"Let f(x,y)=2(x^2)y-(y^3)+x-4.
a) Find the local linearization of f at (3,1)
b) Compute the directional derivative of f at (3,1) in the direction towards the point (-2,3). At (3,1), is the function f increasing or decreasing in the direction towards the point (-2,3)? Give a reason for your answer.
c) What direction, given as a unit vector, gives the maximum instantaneous rate of change in the function at (3,1)? In what direction, given as a unit vector, is the instantaneous rate of change at (3,1) equal to 0?"
Thanks for your help!
a) To find the local linearization of f at (3,1), we need to use the first-order Taylor expansion. The local linearization is given by:
L(x, y) = f(a, b) + ∇f(a, b) · (x - a, y - b)
where (a, b) is the point of interest, ∇f is the gradient of f, and · denotes the dot product.
In this case, (a, b) = (3, 1). Let's find ∇f:
∂f/∂x = 4xy + 1
∂f/∂y = 2x^2 - 3y^2
Hence, ∇f = (4xy + 1, 2x^2 - 3y^2). Evaluating ∇f at (3, 1):
∇f(3, 1) = (4(3)(1) + 1, 2(3)^2 - 3(1)^2) = (13, 15)
Now we can write the local linearization:
L(x, y) = f(3, 1) + (13, 15) · (x - 3, y - 1)
Substituting in the given values, we have:
L(x, y) = (2(3^2)(1) - (1^3) + 3 - 4) + (13, 15) · (x - 3, y - 1)
Simplifying further:
L(x, y) = 6 - 1 + 3 - 4 + (13x - 39, 15y - 15) = (13x - 37, 15y - 13)
Therefore, the local linearization of f at (3,1) is L(x, y) = 13x - 37 + 15y - 13.
b) The directional derivative of f at (3, 1) in the direction towards the point (-2, 3) can be computed using the gradient of f. The directional derivative is given by the dot product of the gradient and the unit vector in the direction of (-2, 3).
First, let's find the unit vector in the direction towards (-2, 3):
u = (-2, 3) / ||(-2, 3)|| = (-2, 3) / √((-2)^2 + 3^2) = (-2/√13, 3/√13)
The gradient of f at (3, 1) is ∇f(3, 1) = (13, 15), which we found in part (a).
The directional derivative is then given by:
D_uf(3, 1) = ∇f(3, 1) · u = (13, 15) · (-2/√13, 3/√13)
Evaluating this dot product:
D_uf(3, 1) = 13(-2/√13) + 15(3/√13) = 4/√13 = (4√13)/13
The fact that the directional derivative is positive indicates that the function f is increasing in the direction towards the point (-2, 3) at (3, 1).
c) To find the direction that gives the maximum instantaneous rate of change in the function at (3, 1), we need to find the direction of the gradient vector ∇f(3, 1).
From part (a), we found that ∇f(3, 1) = (13, 15). To find the unit vector in this direction, we divide it by its magnitude:
||∇f(3, 1)|| = √(13^2 + 15^2) = √(169 + 225) = √394
The unit vector in the direction of ∇f(3, 1) is:
v = ∇f(3, 1) / ||∇f(3, 1)|| = (13/√394, 15/√394)

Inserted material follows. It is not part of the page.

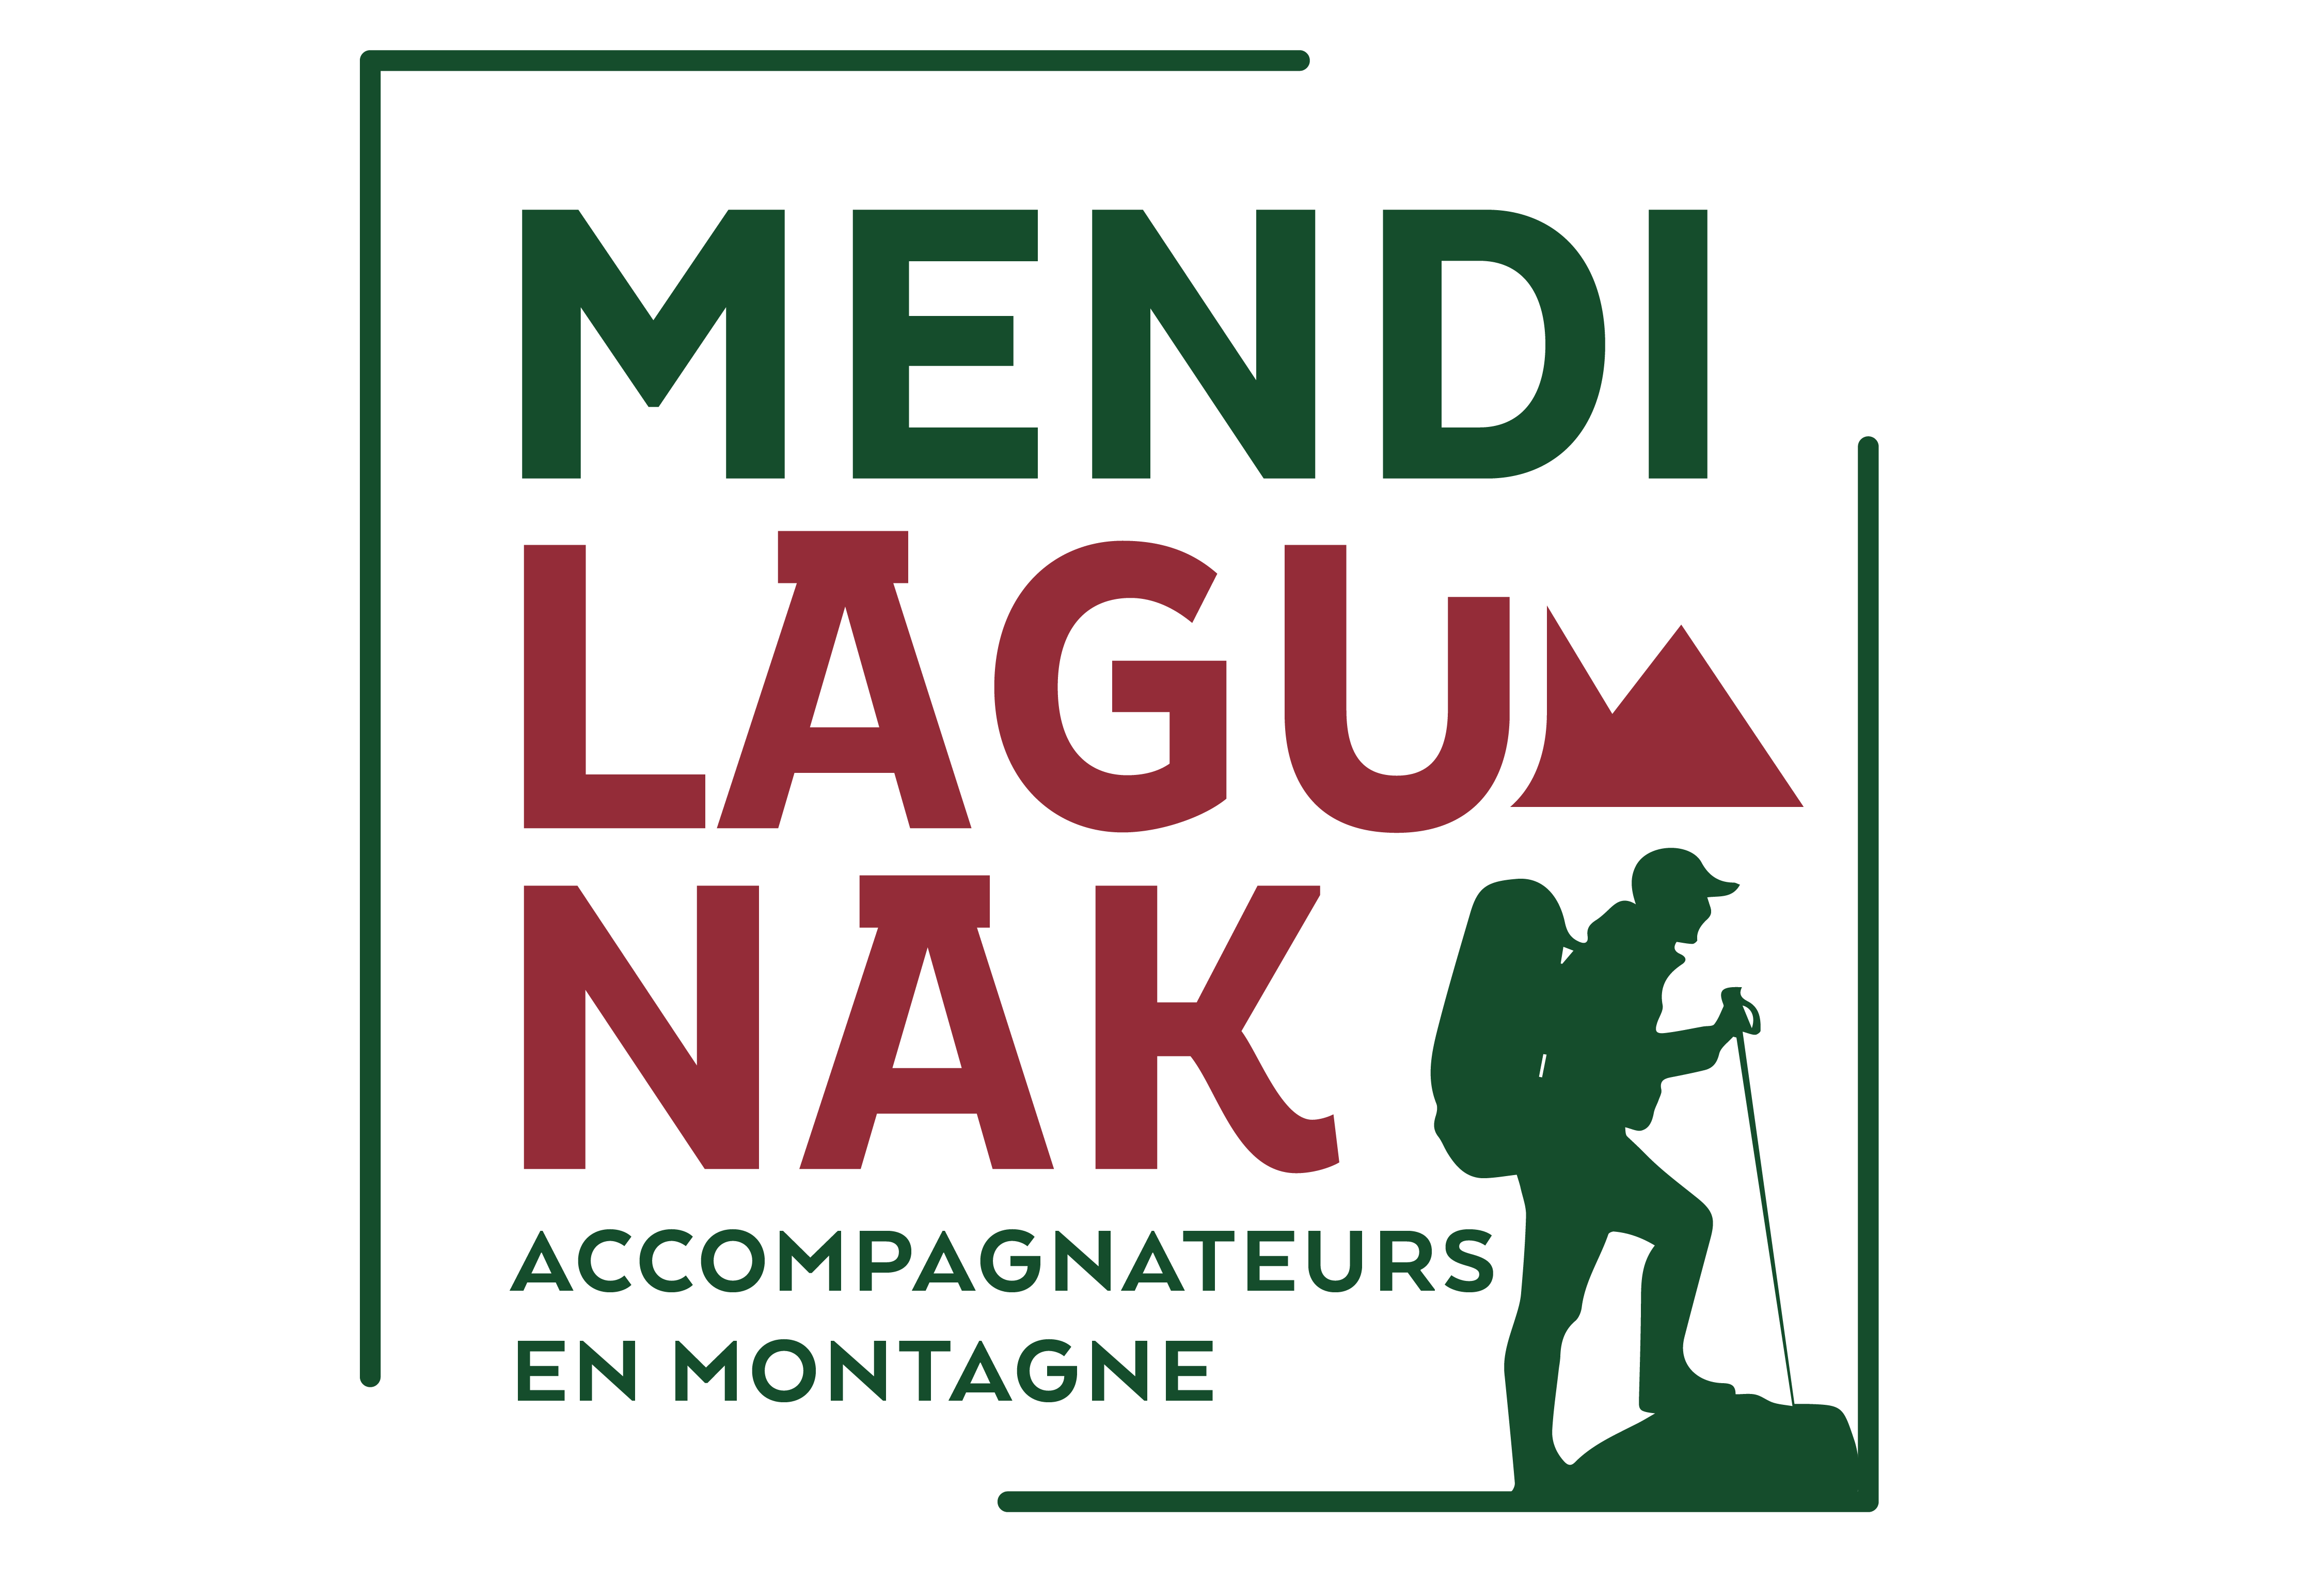 Mendi Lagunak Accompagnateur Montagne Pays Basque

Therefore, the direction that gives the maximum instantaneous rate of change in the function at (3, 1) is the unit vector v = (13/√394, 15/√394).
To find the direction in which the instantaneous rate of change at (3, 1) is equal to 0, we are looking for the direction perpendicular to the gradient vector ∇f(3, 1).
The direction perpendicular to ∇f(3, 1) can be found by taking the negative reciprocal of the gradient vector's components and then normalizing:
w = (-15/√394, 13/√394)
Thus, the unit vector w = (-15/√394, 13/√394) gives the direction in which the instantaneous rate of change at (3, 1) is equal to 0.